Tears in Honor of You

It’s Tuesday evening. Time to write my blog for Wednesday. All afternoon I’ve been wondering what to write about. My mind circles around the thought and then instantly turns to something else. I think I’m going to read a bit more of my book. I think I’m going to practice piano a bit. I think I’m going to wash the dishes. And of course, the children are a constant presence of distraction, look at this mom, watch me mom, Mom he hit me, Mom I’m hungry. I allow myself to be distracted all day. And then, this evening I think, I need to go write my blog. And the thought comes to me, in order to write a blog, you have to think about something. Ah yes. There is the problem. I don’t want to think. Thinking is painful right now. A very good friend of mine’s grandbaby died this weekend. She was just a baby. A sweet wonderful baby. I didn’t know her, but I had heard all about her from her proud grandparents. I’d seen the occasional pictures scattered across Facebook. And I still feel paralyzed by the thought that such a loss has touched people that I know and love.

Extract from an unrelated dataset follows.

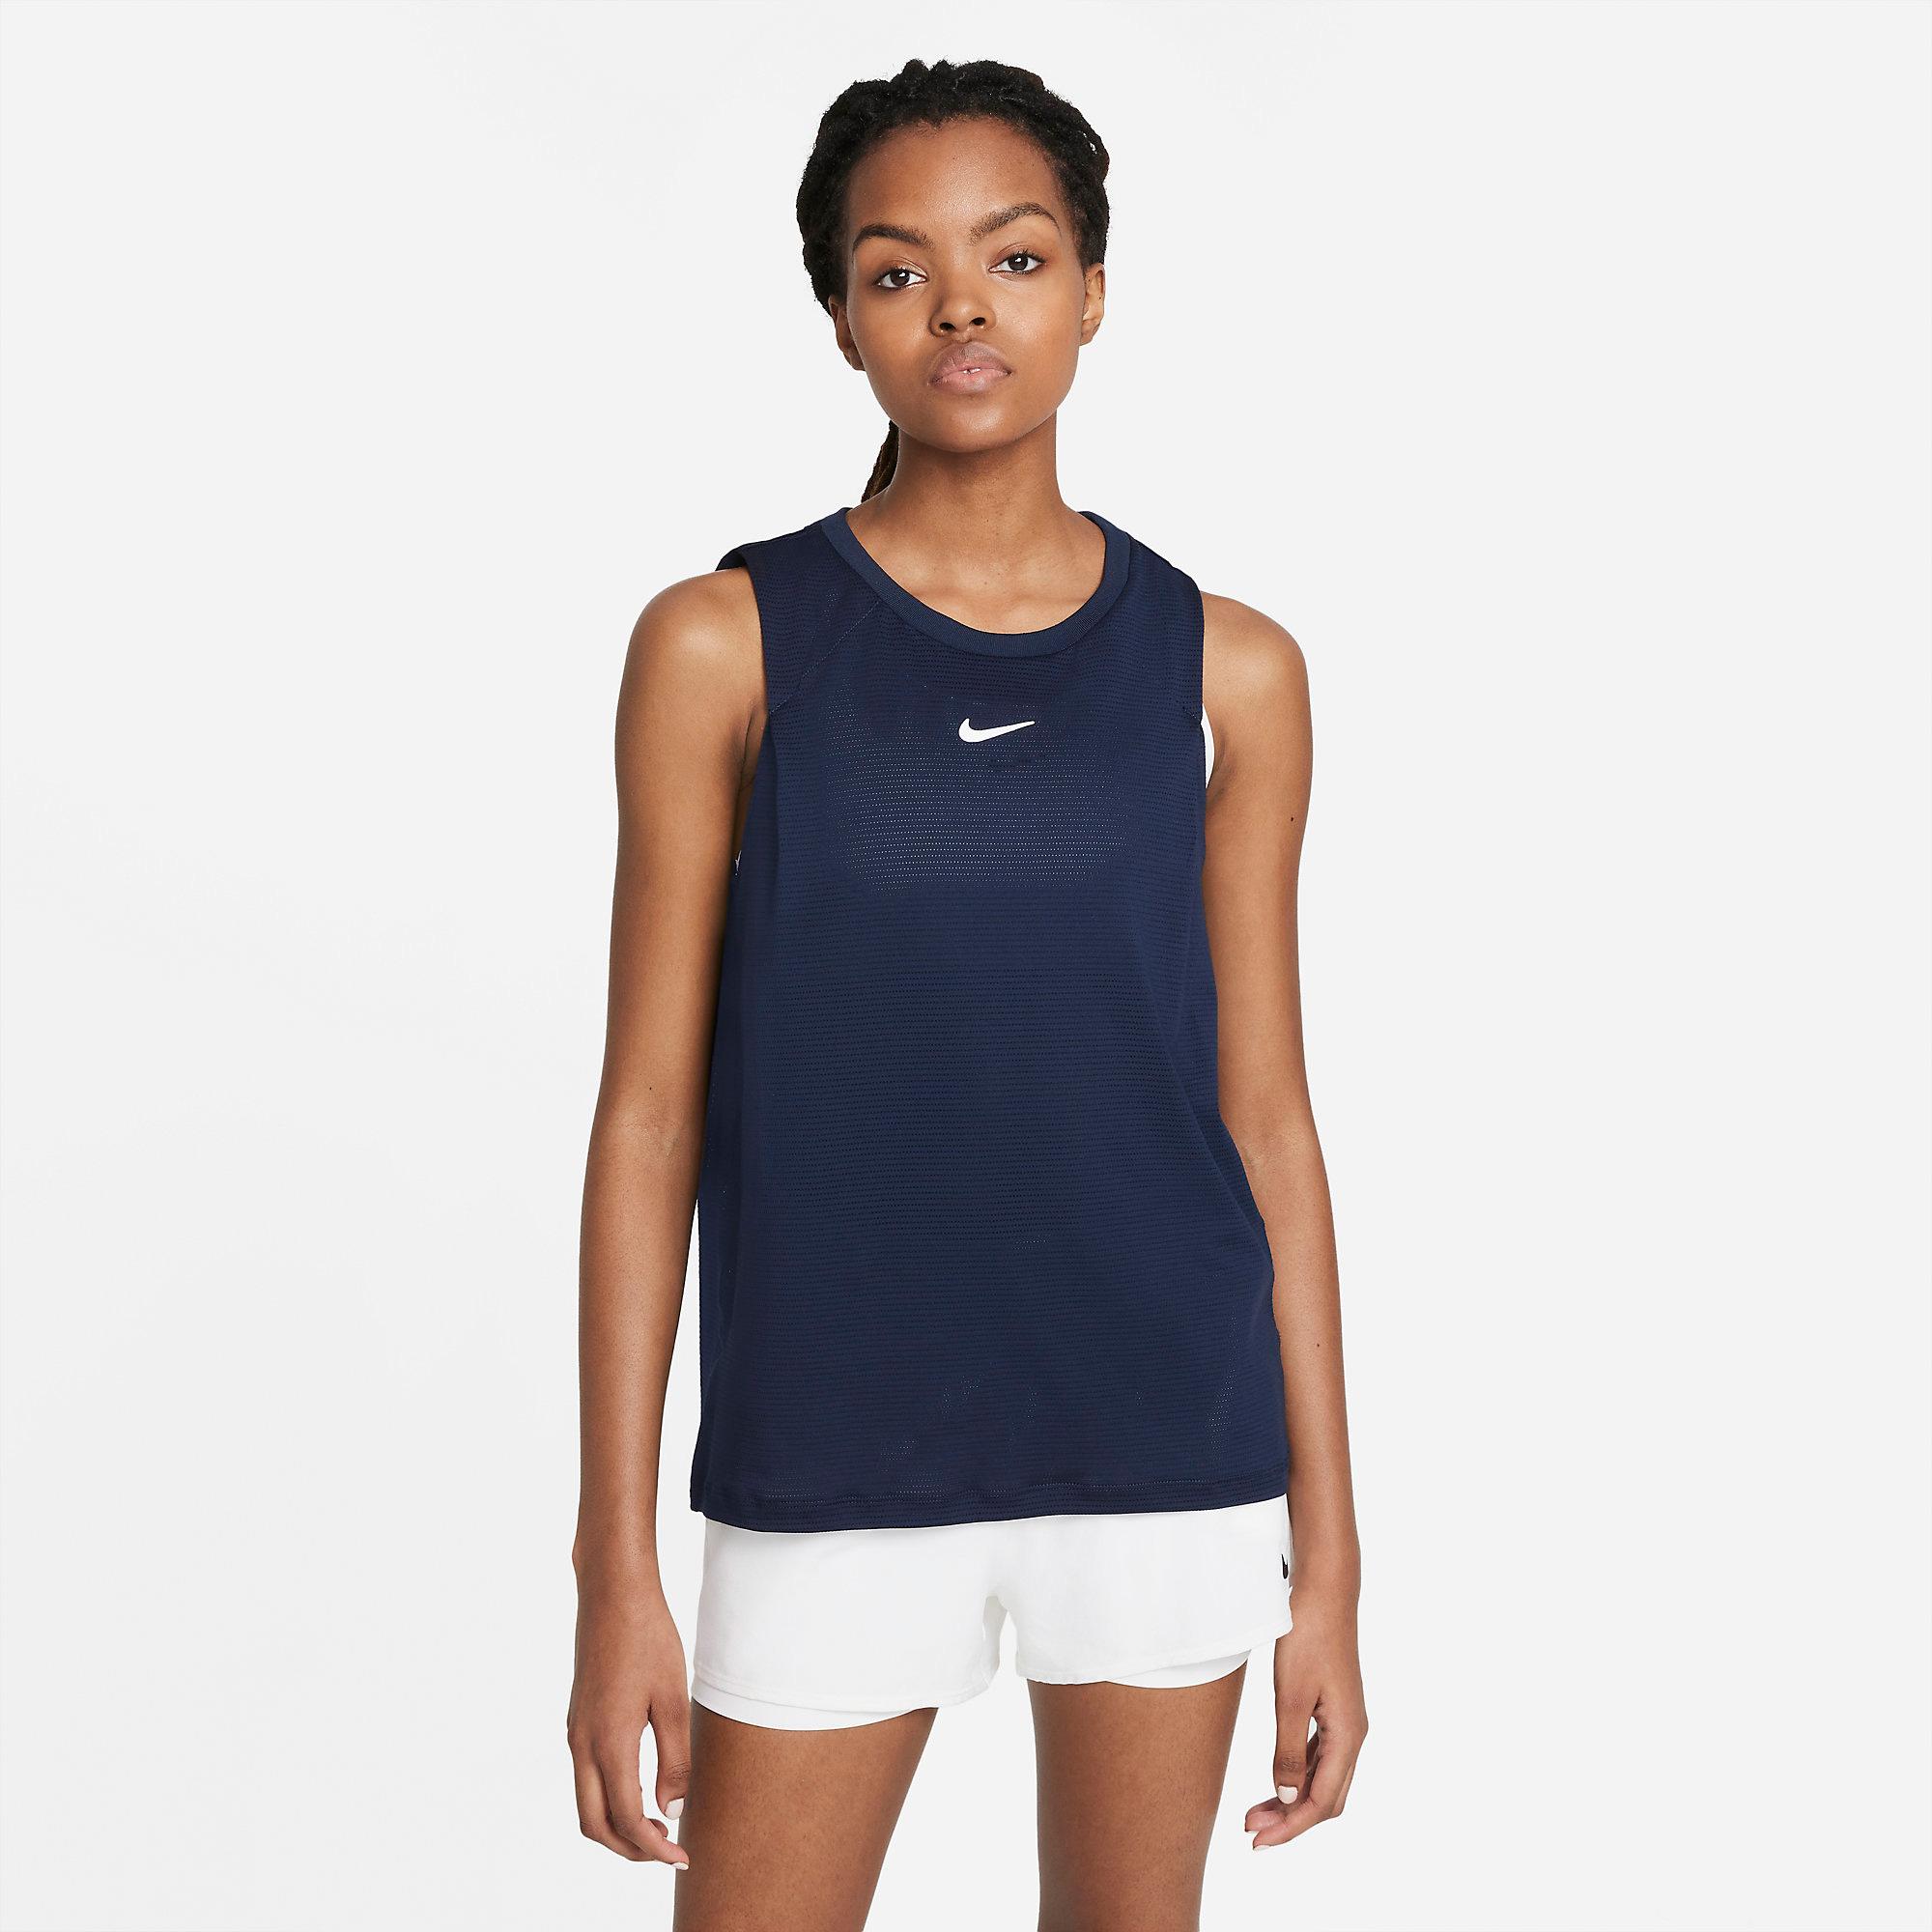 Nike Womens Advantage Tennis Tank - Navy Blue - Tennisnuts.com

I don’t want to think because every time I let my mind focus on something, it comes back to this pain. Feeling pain and mourning are not things that I am good at. I am a missionary kid. I spent my entire childhood moving from one extreme place to another. Studies have been done on missionary kids and it seems to be a universal experience that we all struggle with mourning. We uproot so many times, have so many goodbyes to say to all that is familiar, and we rarely take the time to properly mourn all that we have lost. Mourning is painful. I think we naturally try to avoid pain. I know that for myself, my coping mechanism is to suppress it. Ignore it, push the thoughts down until they stop resurfacing. Drown it. Except that the pain doesn’t go away, it just lingers below the surface, waiting for a chance to reappear. And then it shows up in strange, unexpected places. Like the time I had my first miscarriage.

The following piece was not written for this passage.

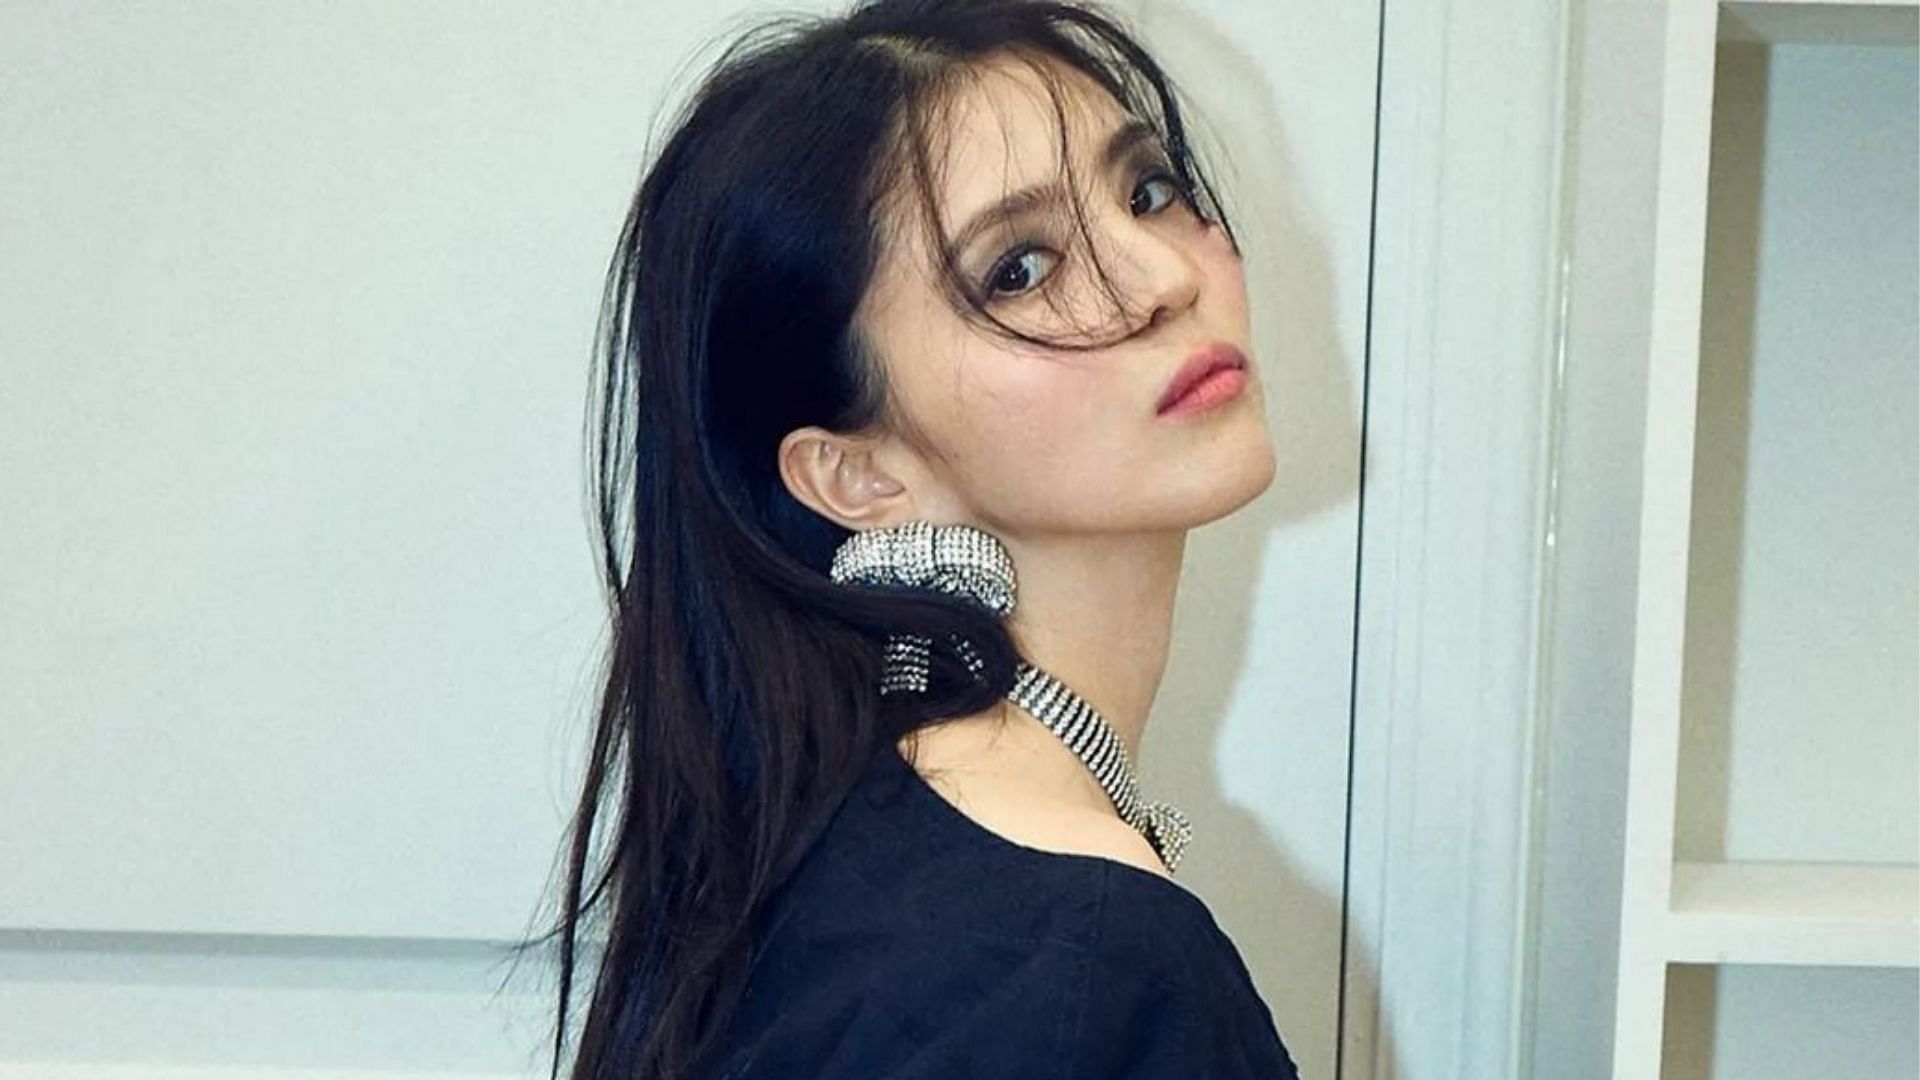 Balenciaga chooses Han So-hee as their first Korean global brand ambassador

It happened while we were out of town, camping in another state. I was staying at a campsite in our camper with our children while my husband was working nearby, 14-16 hour days, working on a construction project. It was a couple weeks long project and the kids and I had gone with my husband so we wouldn’t be separated for so long. I was in a campground trying to take care of six children on my own and I miscarried. It was early on in the pregnancy. There wasn’t anything I could do. And I didn’t have time to mourn. I cried a little, but I was in shock and overwhelmed and trying to put a brave face on for my kids and my husband. And then, a month later, we were back home in Tennessee and I was sitting in church, the service had just ended and something snapped and I started sobbing. For a long time. And I am so relieved that this particular grief rose to the surface so I could properly mourn.

My friend who lost her grandbaby, she is special to me because many years ago she started me on a long journey of healing. I don’t know how to describe her relationship to me except as a co-therapist. We listen to each other. We provide a safe place for each other and other women as we dig down and resurface these stories that haven’t been properly mourned. And it seems that the only way I can honor my friend and her grief is to not let myself run away from the pain, as peripheral to my life as it is. To let myself feel it, mourn alongside her. Not suppress, let myself be sad. Give myself permission to grieve.

So, My dear friend, this is how I honor you and your ministry, your family, your devastating loss. I will allow myself to grieve with you.